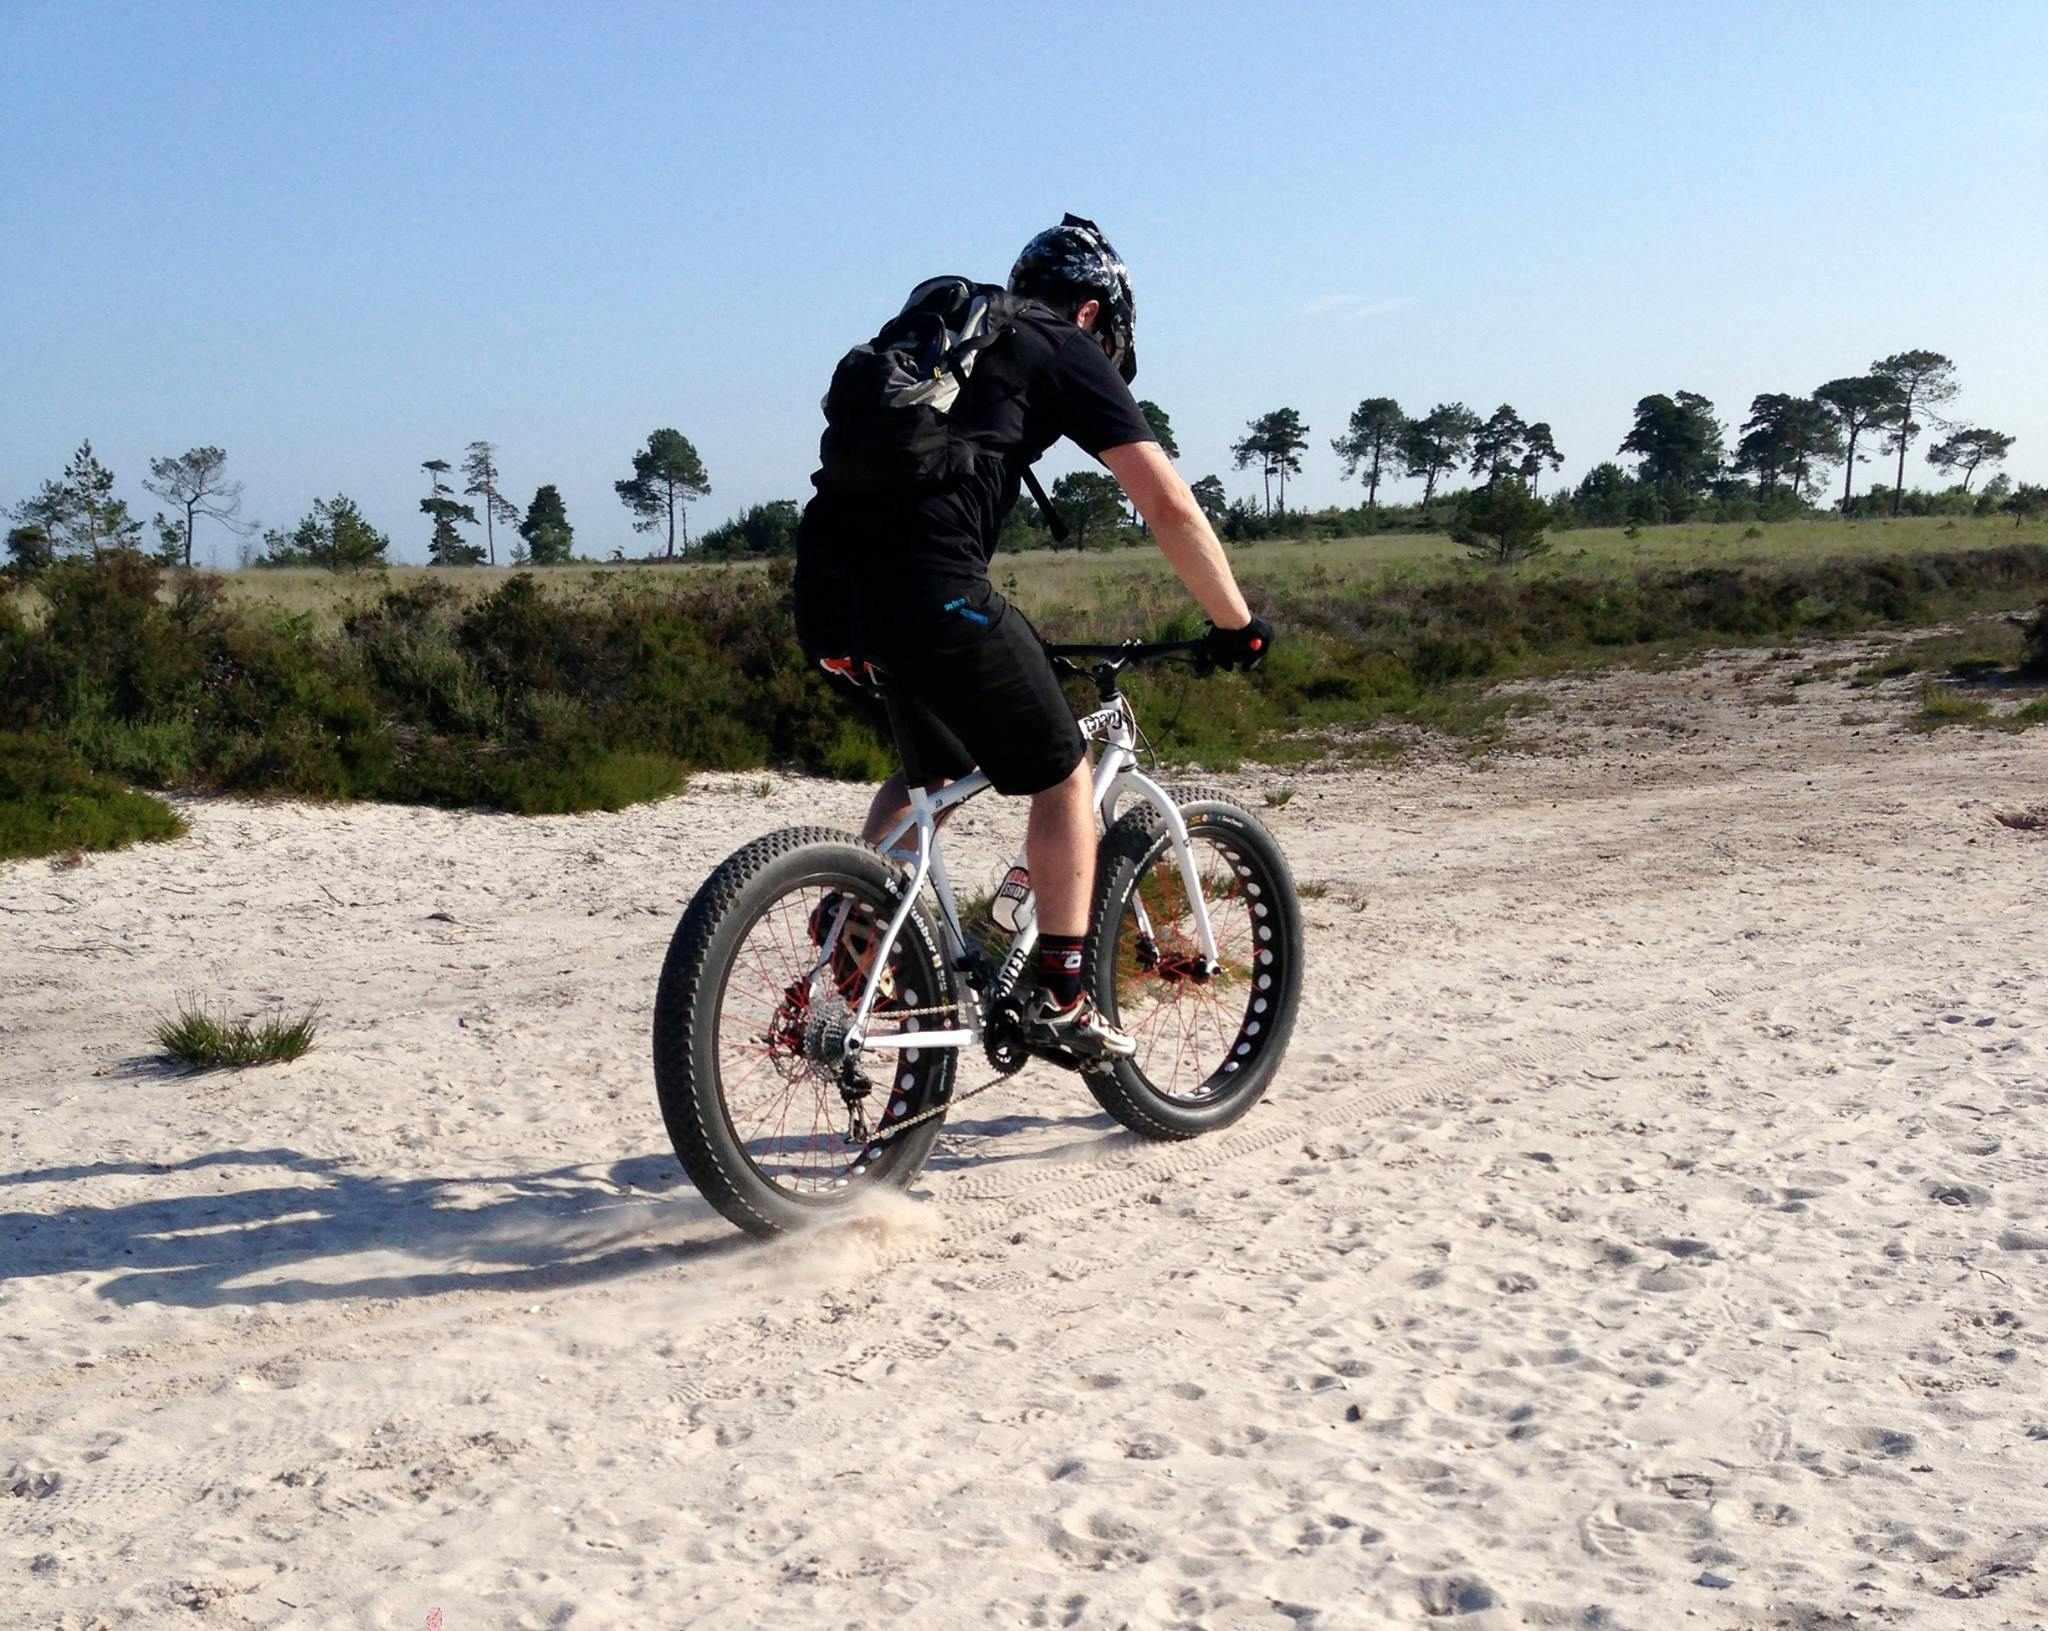 The Charge Bikes Cooker Maxi prototype fat bike
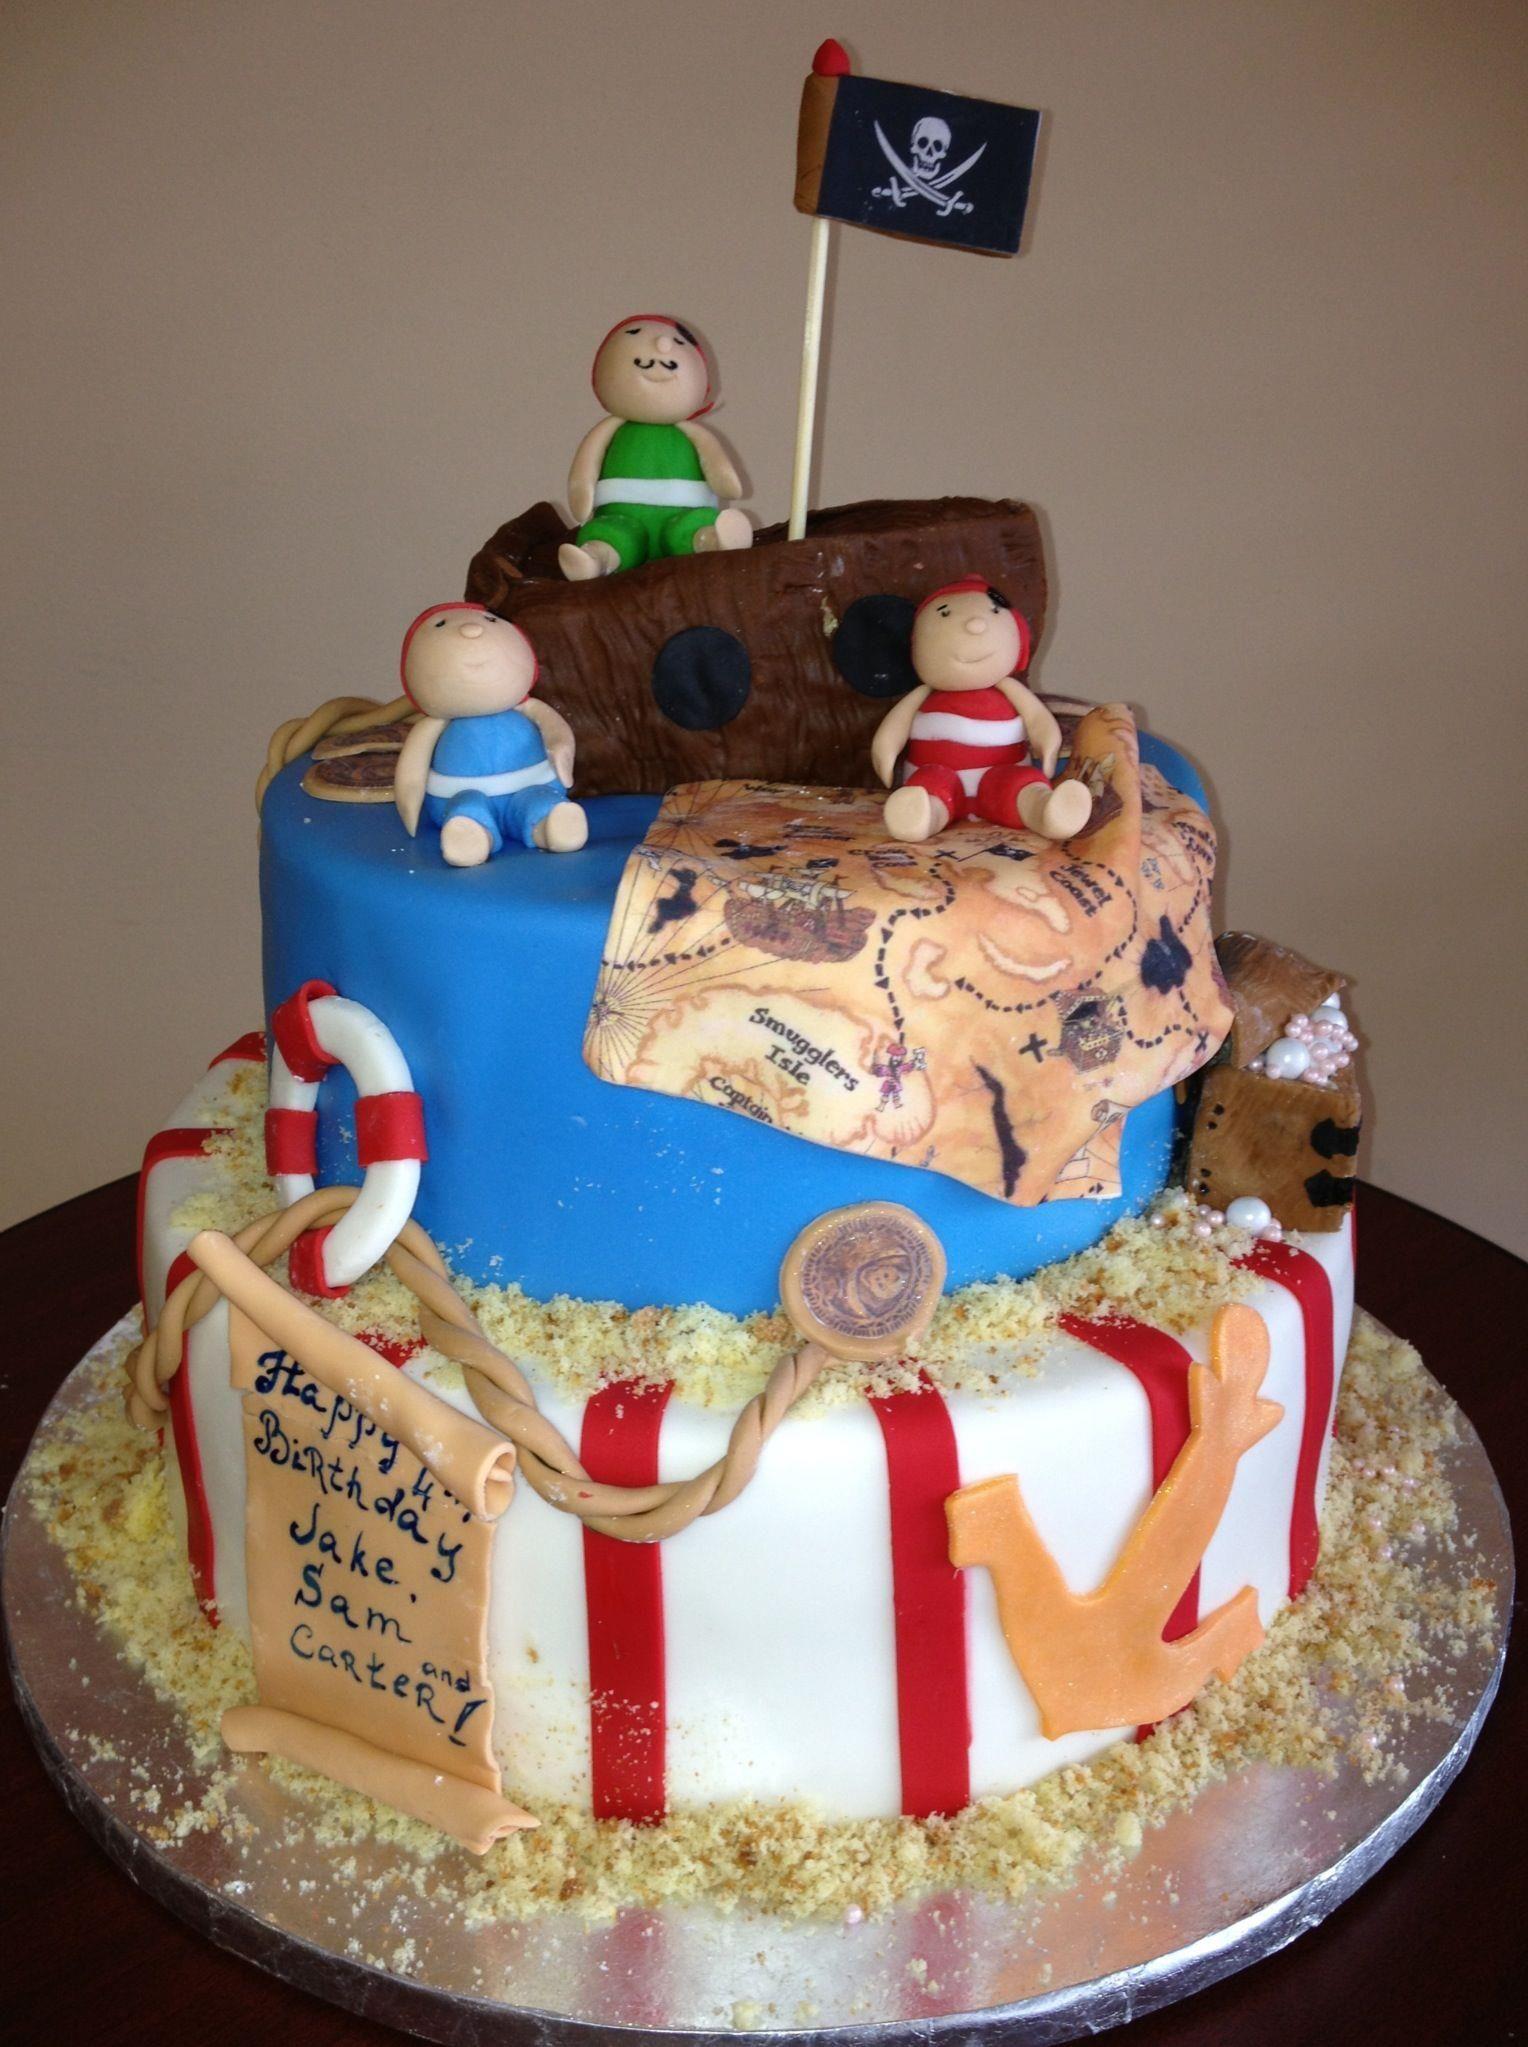 Pirate Birthday Cake By Roscoe Bakery Los Angeles CA Custom LA Cakes Like Funny Cute Nice Kids Party
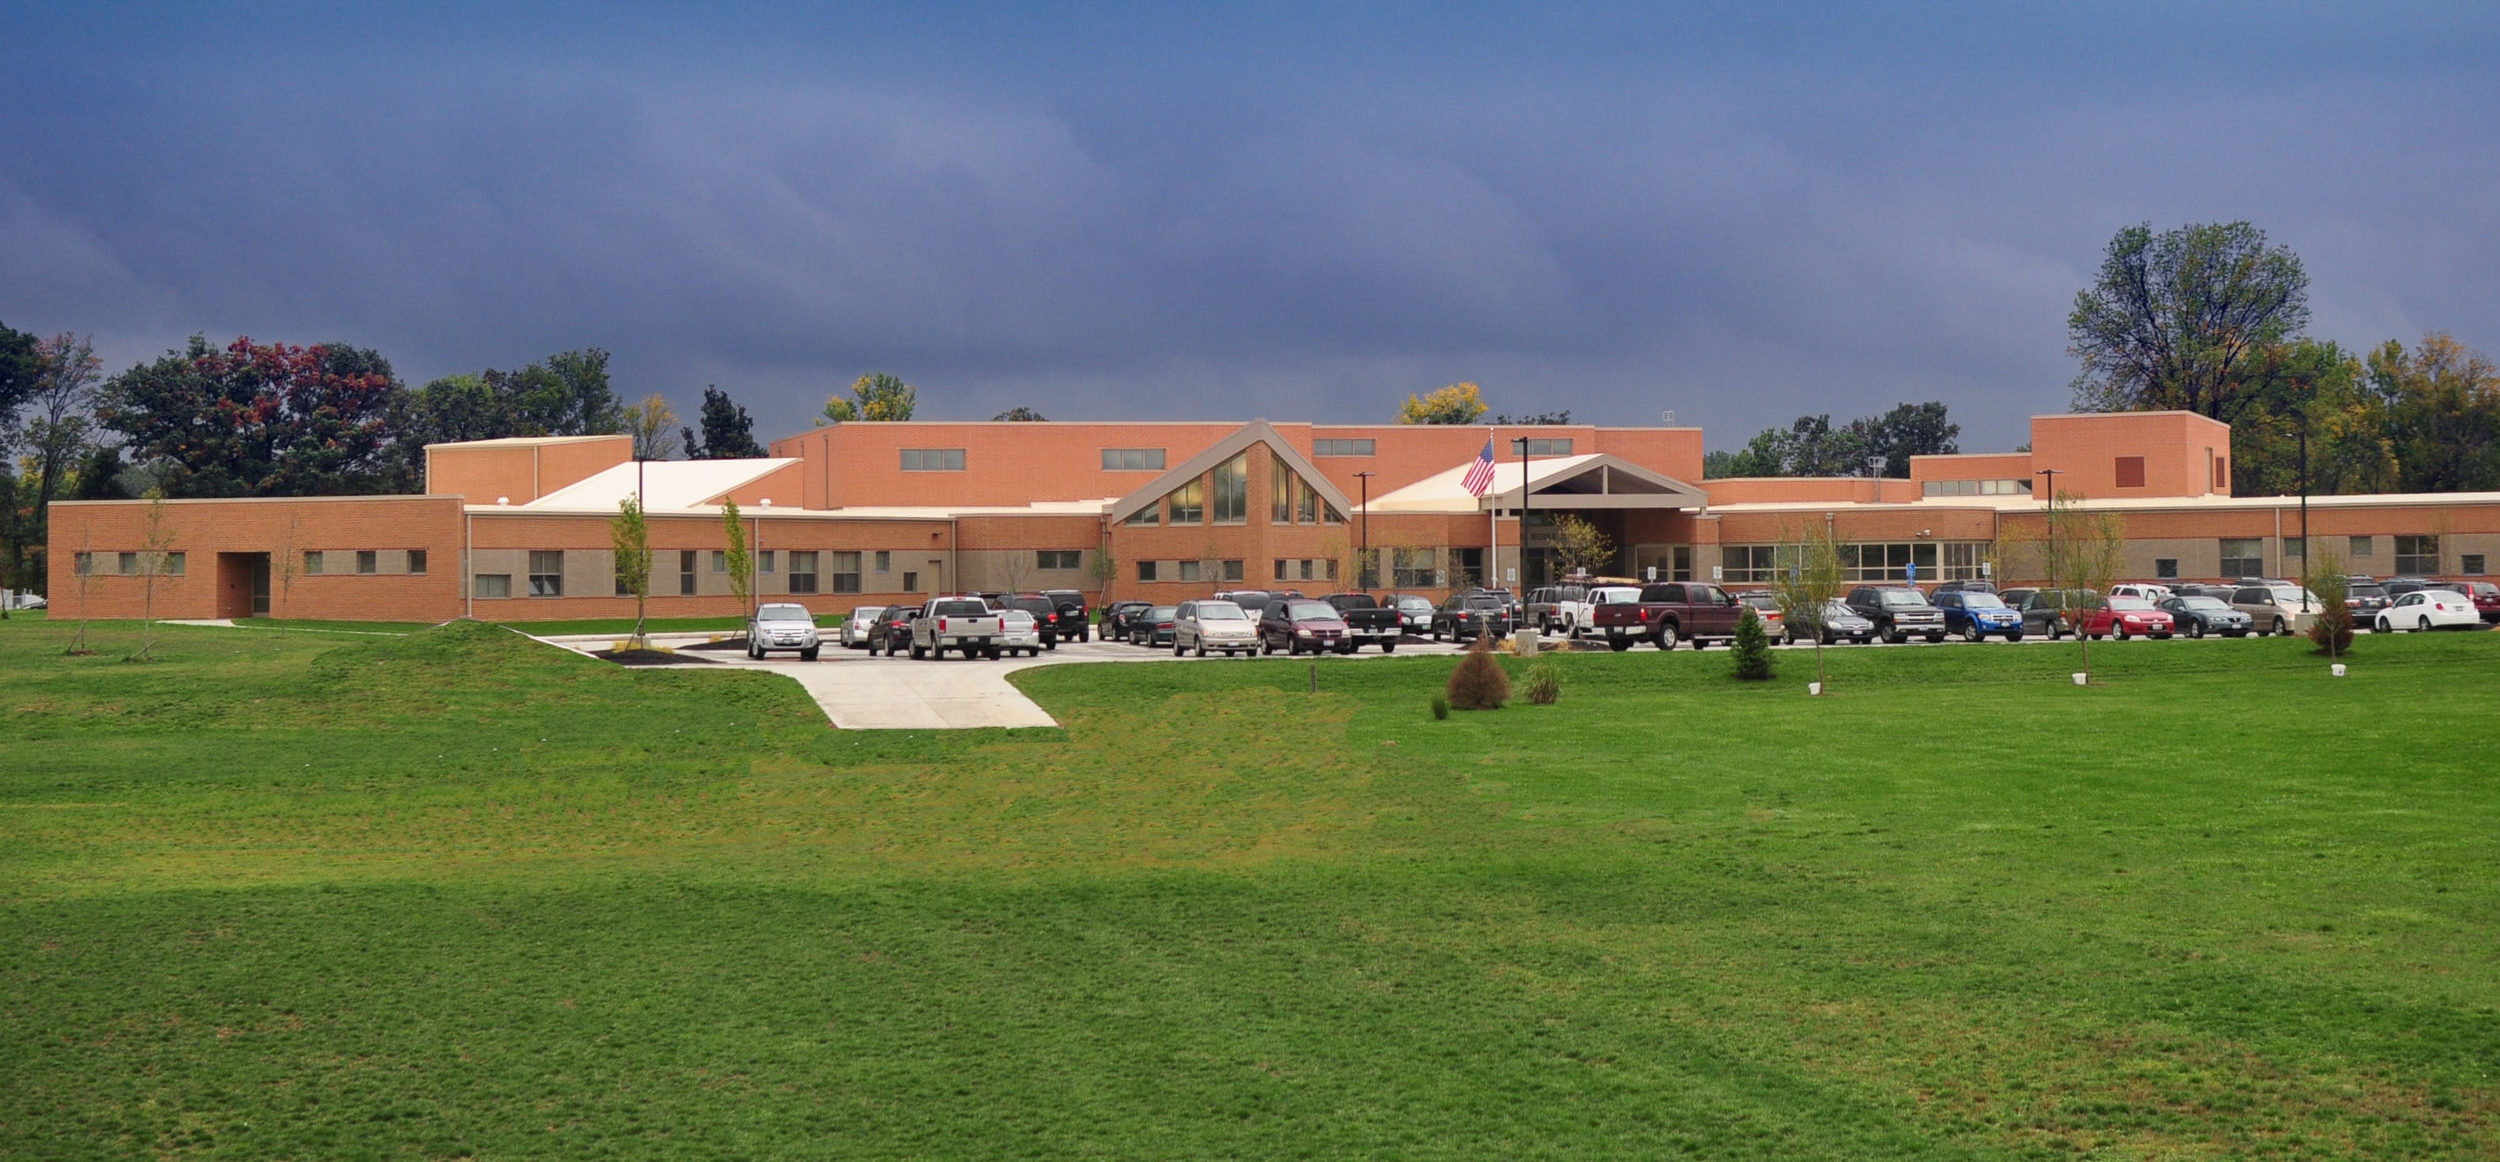 Liberty Union Thurston Middle School

____

Once the pictures are dropped, please print every remaining line of the material verbatim.

 The Charge Bikes Cooker Maxi prototype fat bike
 Pirate Birthday Cake By Roscoe Bakery Los Angeles CA Custom LA Cakes Like Funny Cute Nice Kids Party
 Liberty Union Thurston Middle School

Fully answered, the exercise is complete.